Unfortunately Bono and U2 turned up to perform on a boat in front of the Statue of Liberty. Bono, recently exposed by the Panama Papers of hiding much of his considerable wealth in tax havens, made a mercifully brief statement on behalf all parts of the world  insulted by Trump - the kind of statement he never made when his old mates George Bush and Tony Blair were in power.

Much better was Camilla Cabello who gave a heartfelt defence of all American immigrants, referring to her own Mexican and Cuban heritage.

Kesha sang “Praying,” a song of anger and self-empowerment. It has been reported it was directed at producer Dr. Luke, who Kesha has accused of sexual molestation. Kesha was introduced by a statement from Janelle Monáe, who told the audience that the time for sexual harassment and sexual coercion was over.

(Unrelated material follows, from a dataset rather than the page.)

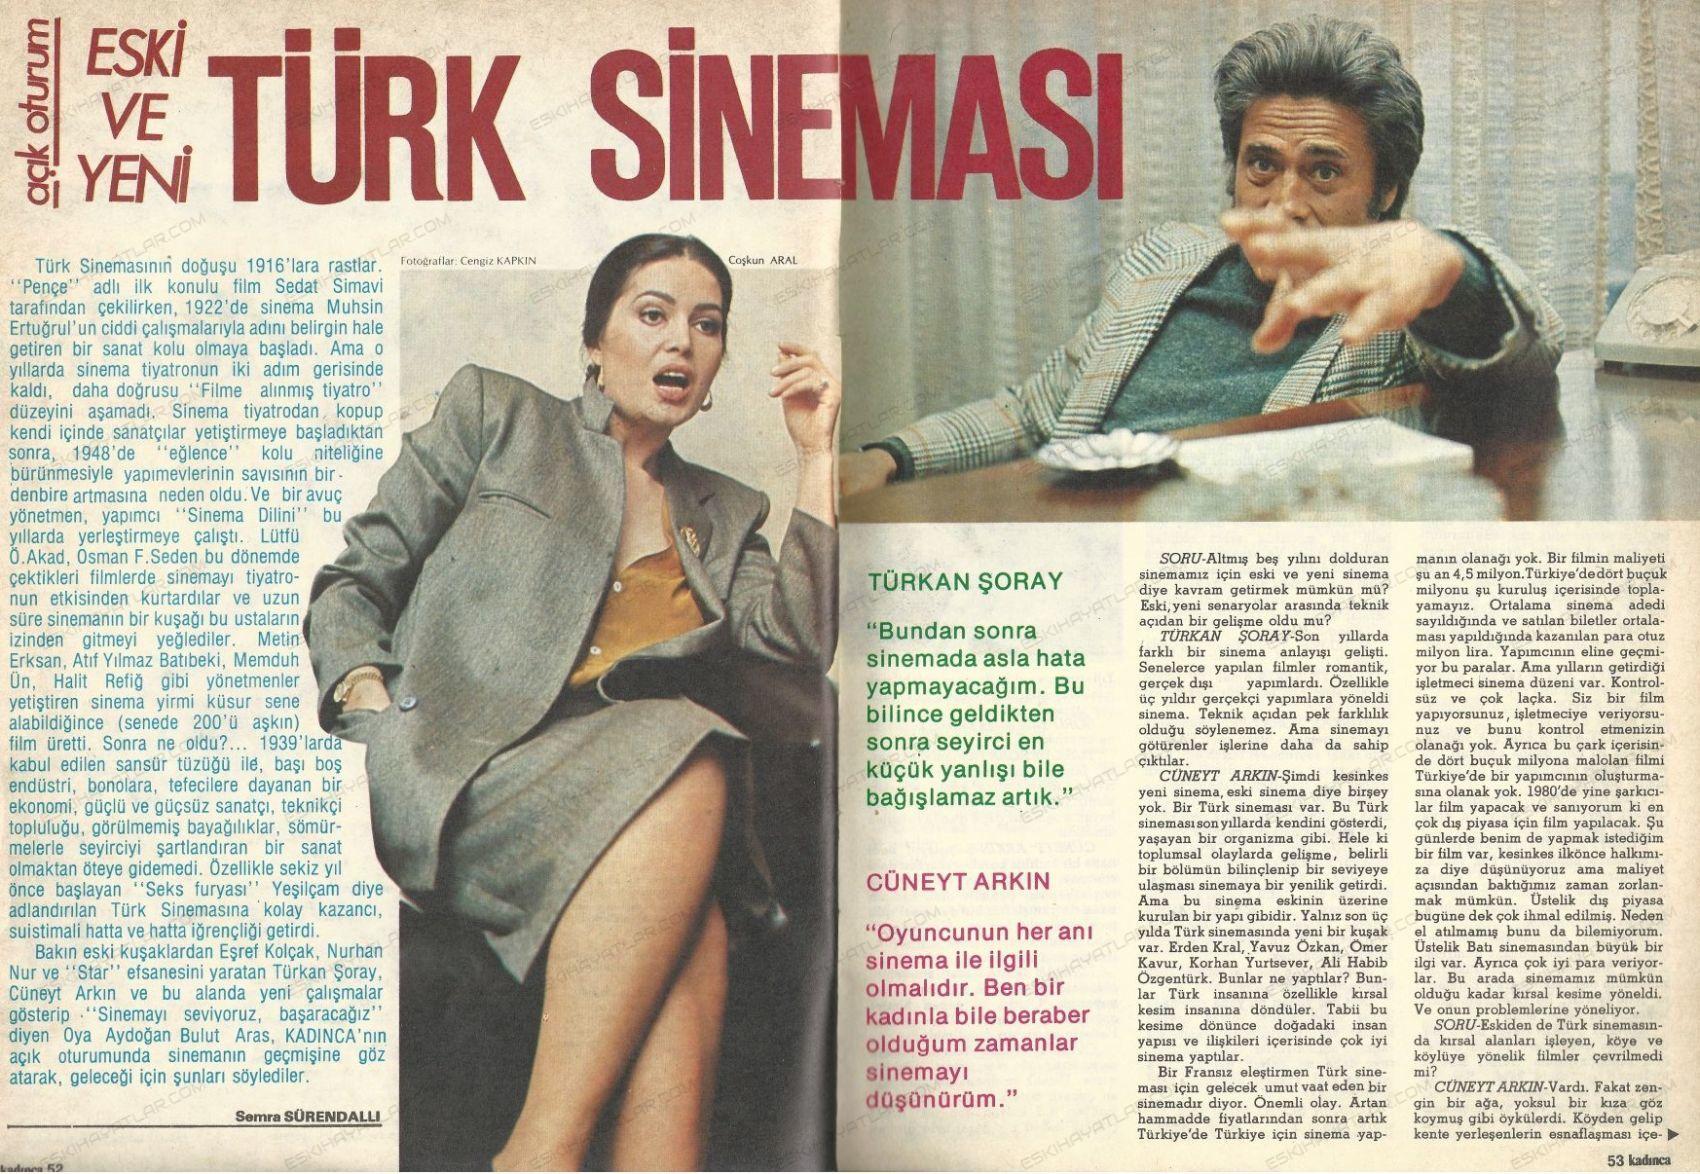 0120-seksenli-yillarda-turk-sinemasi-turkan-soray-roportaji-cuneyt-arkin-1981-kadinca-dergisi (3)

So far, so OK. Sort of. But it was all rather spoilt by the sketch in which artists tried to read excerpts from Fire and Fury, Michael Wolff's tell-all expose about life in the White House of Donald Trump. Unfortunately it ended with an appearance by Hillary Clinton. It was her appearance that attracted much of the later news coverage.

While artist after artist spoke out against oppression, against sexual violence and for social justice, the message was sorely compromised by Hillary Clinton showing up on the show.

While she still pretends to be a politician of the people, her career is marked by a devotion and loyalty to the Washington establishment. She was corporate America's choice for president.

So while the Grammy's spoke out against sexual violence and harassment, the message was undermined by the appearance of a woman who was once such a close friend of Harvey Weinstein that he donated $14 million to her presidential campaign. This was the same woman, who as a director of Walmart, opposed its female workers being paid the same hourly rate as their male colleagues doing similar work.

And she was also the woman who, as Secretary of State, waged imperialist war that killed and maimed thousands of innocent Arab and Muslim people.

This is the same woman who still doesn't recognise, and probably never will, that it was she and the Democratic National Committee which she controlled, that handed the presidency to Trump. In her book What Happened? she blames Bernie Sanders for damaging her presidential campaign because he contested the primaries "to the bitter end'.

The appearance of Hillary Clinton, and the implied support for the corporate wing of the Democratic Party that this represented, exposed the bankruptcy of liberal politics.

The kind of liberalism on display at the Grammy's speaks out against oppression but actively opposes the radical change that is required to end such oppression . It is a politics that would leave the political and economic system untouched, even though that very political and economic system leaves millions of Americans impoverished. It is this utterly discredited liberalism that denied working class America the president that they really wanted - Bernie Sanders.

All we saw on display at the Grammy Music Awards was sterile moral posturing.